From the first line to the last, set down the material exactly and drop every picture.

• **DATA**:
Start of Block

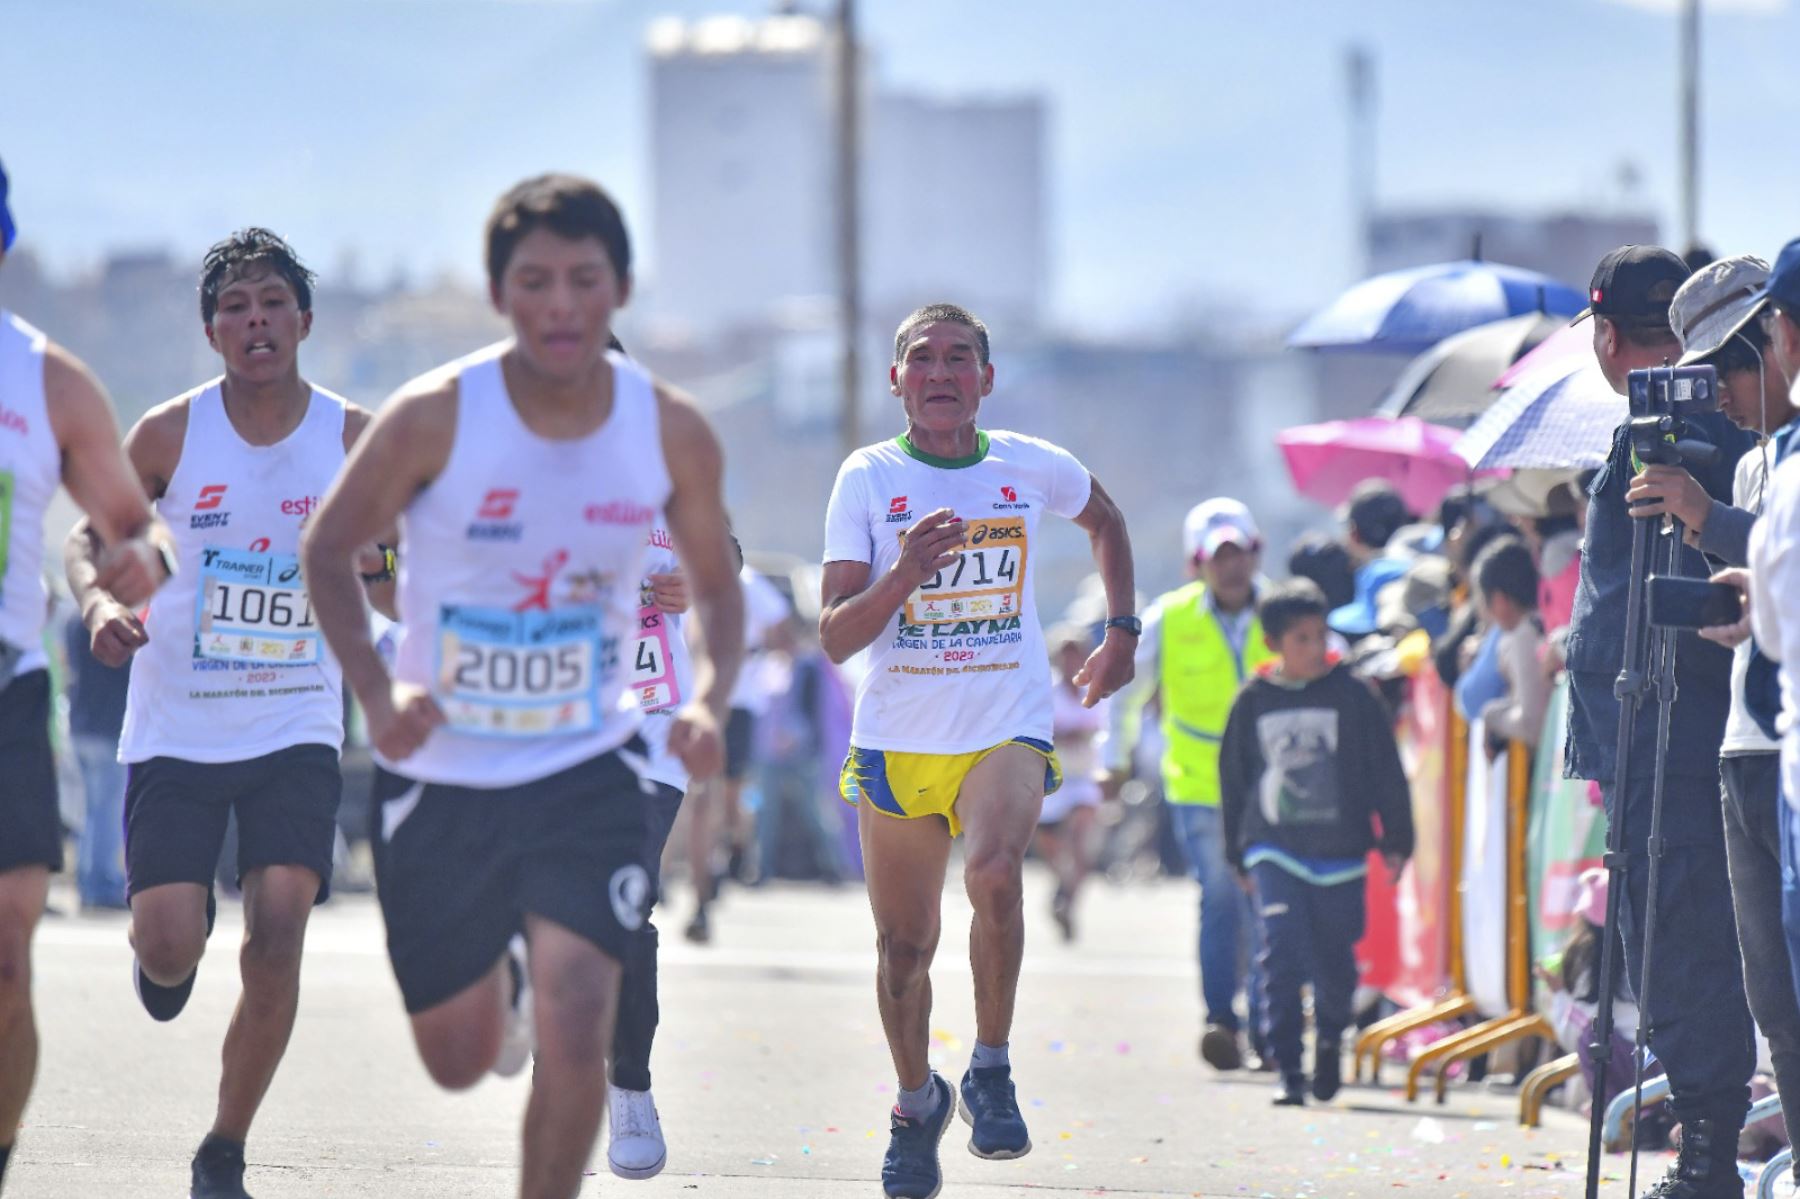 La competencia comenzó a las 08:00 horas en el distrito de Cayma con los recorridos de 42 km, 21 km, 10 km y 5 km en 18 categorías de 10 años de edad a más de 80 años.
Foto: ANDINA/ Cortesía Diego Ramos
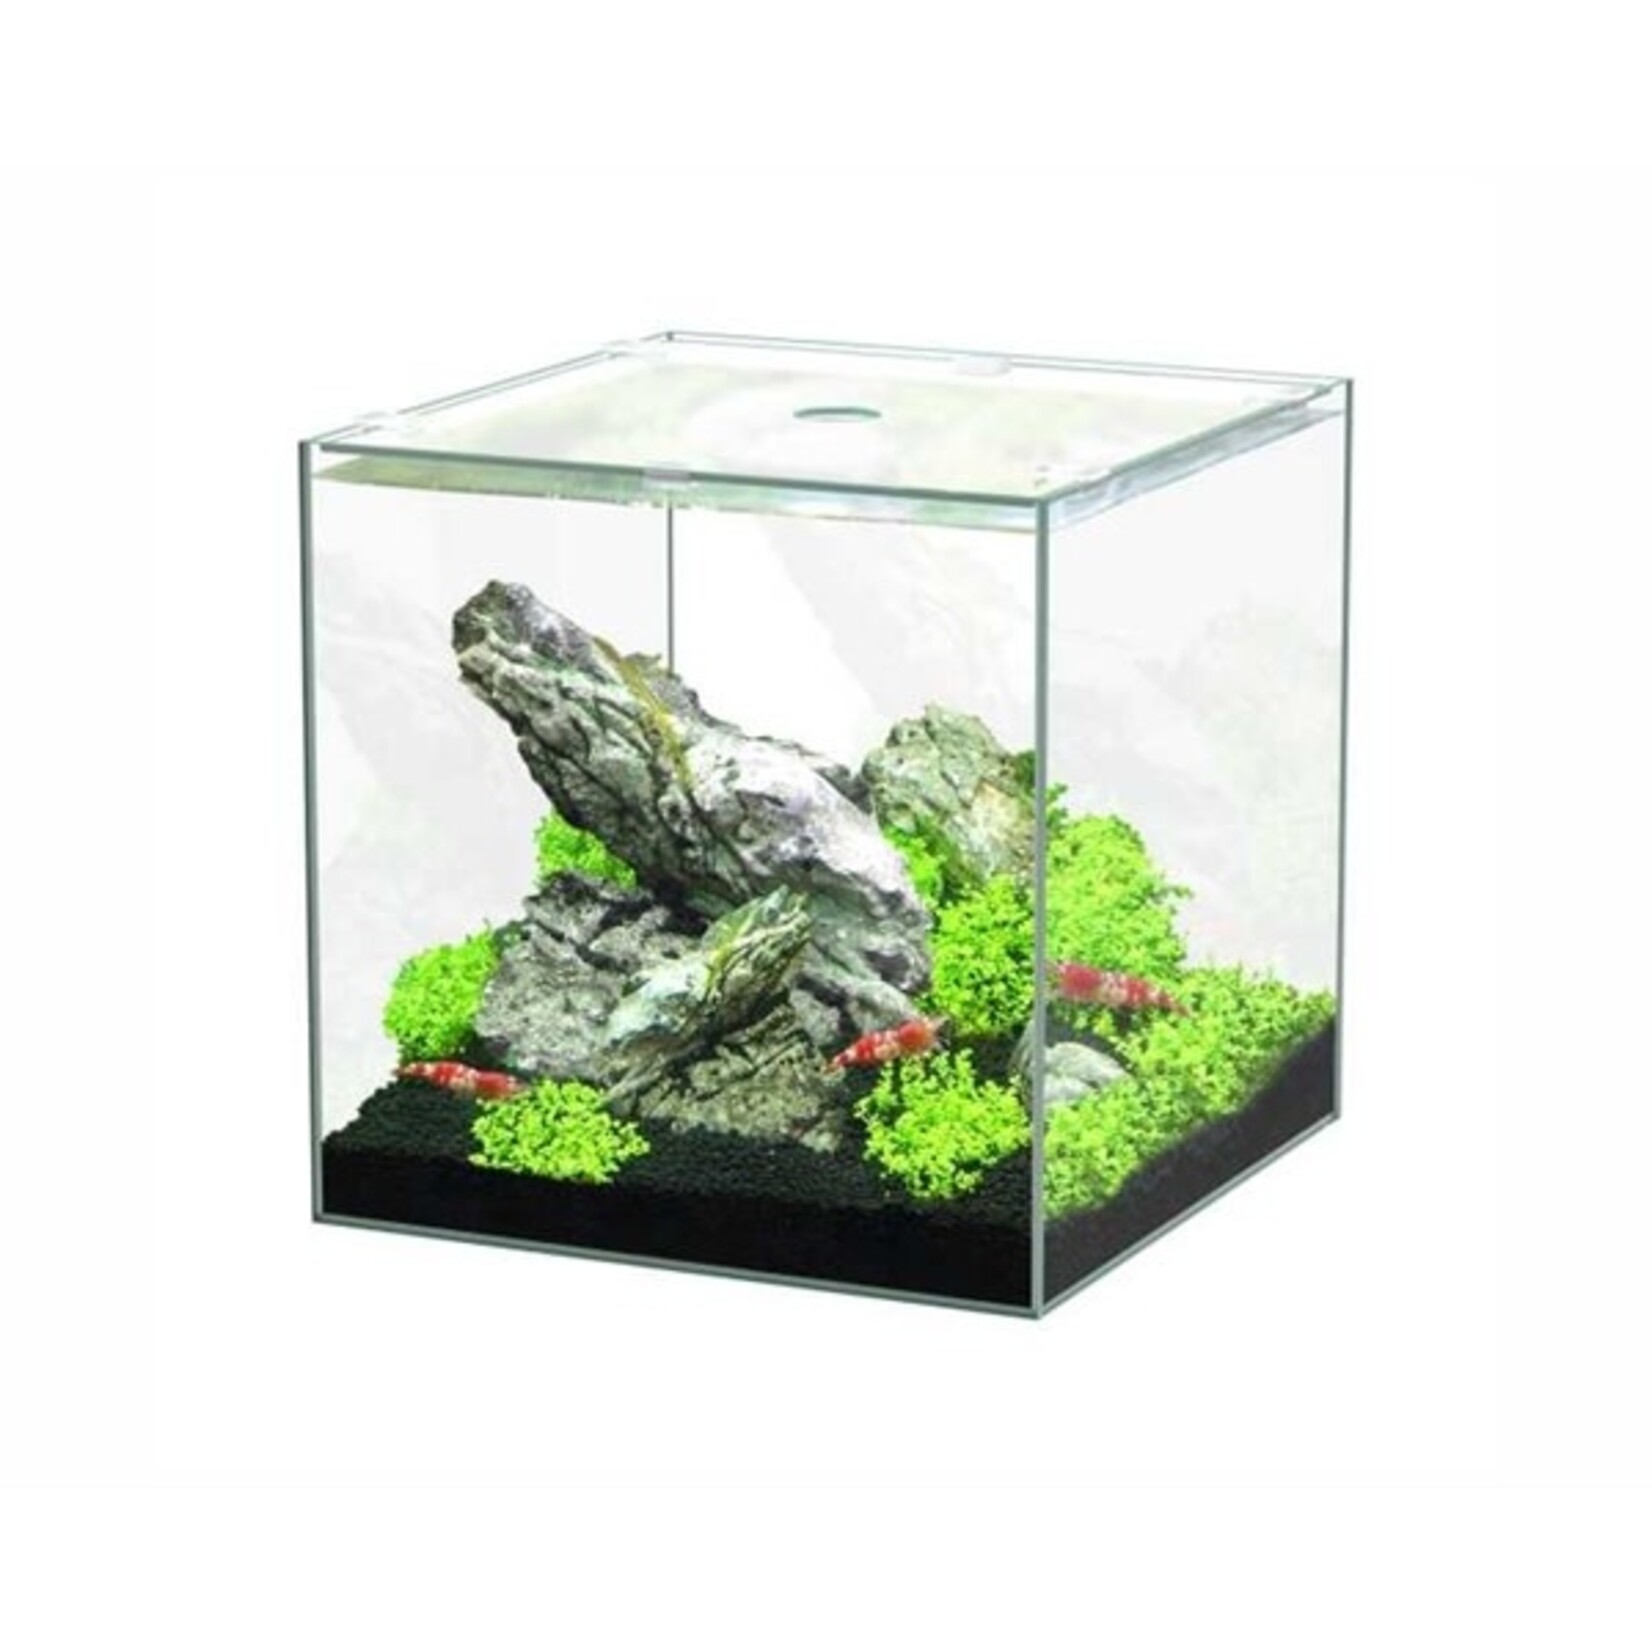 Aquatlantis Aquarium volglas kubus 15 l 25.5x26.1x25.5 cm
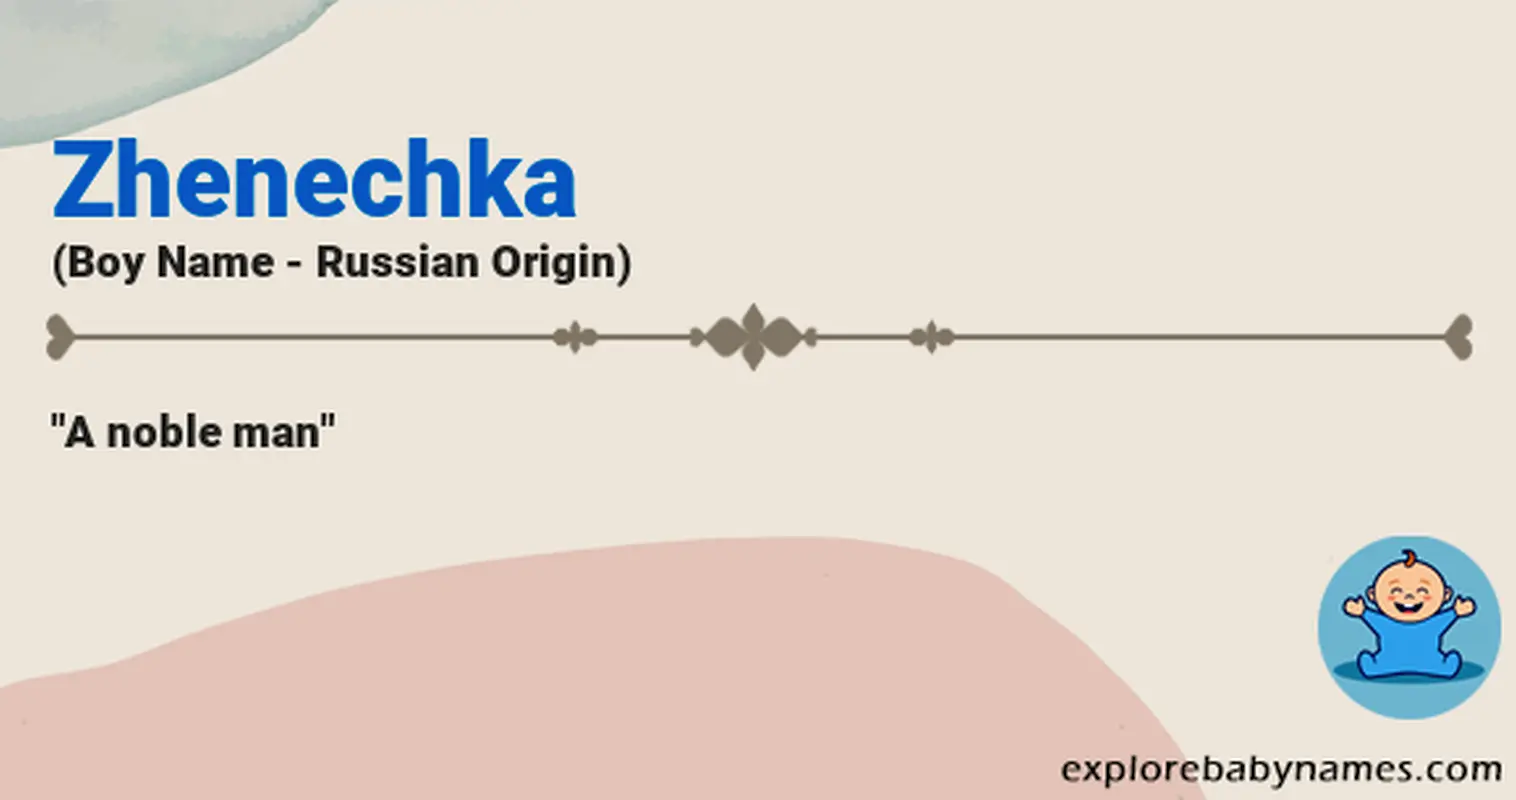 Meaning of Zhenechka

End of Block

• **RESULT**:
 La competencia comenzó a las 08:00 horas en el distrito de Cayma con los recorridos de 42 km, 21 km, 10 km y 5 km en 18 categorías de 10 años de edad a más de 80 años.
Foto: ANDINA/ Cortesía Diego Ramos
 Aquatlantis Aquarium volglas kubus 15 l 25.5x26.1x25.5 cm
 Meaning of Zhenechka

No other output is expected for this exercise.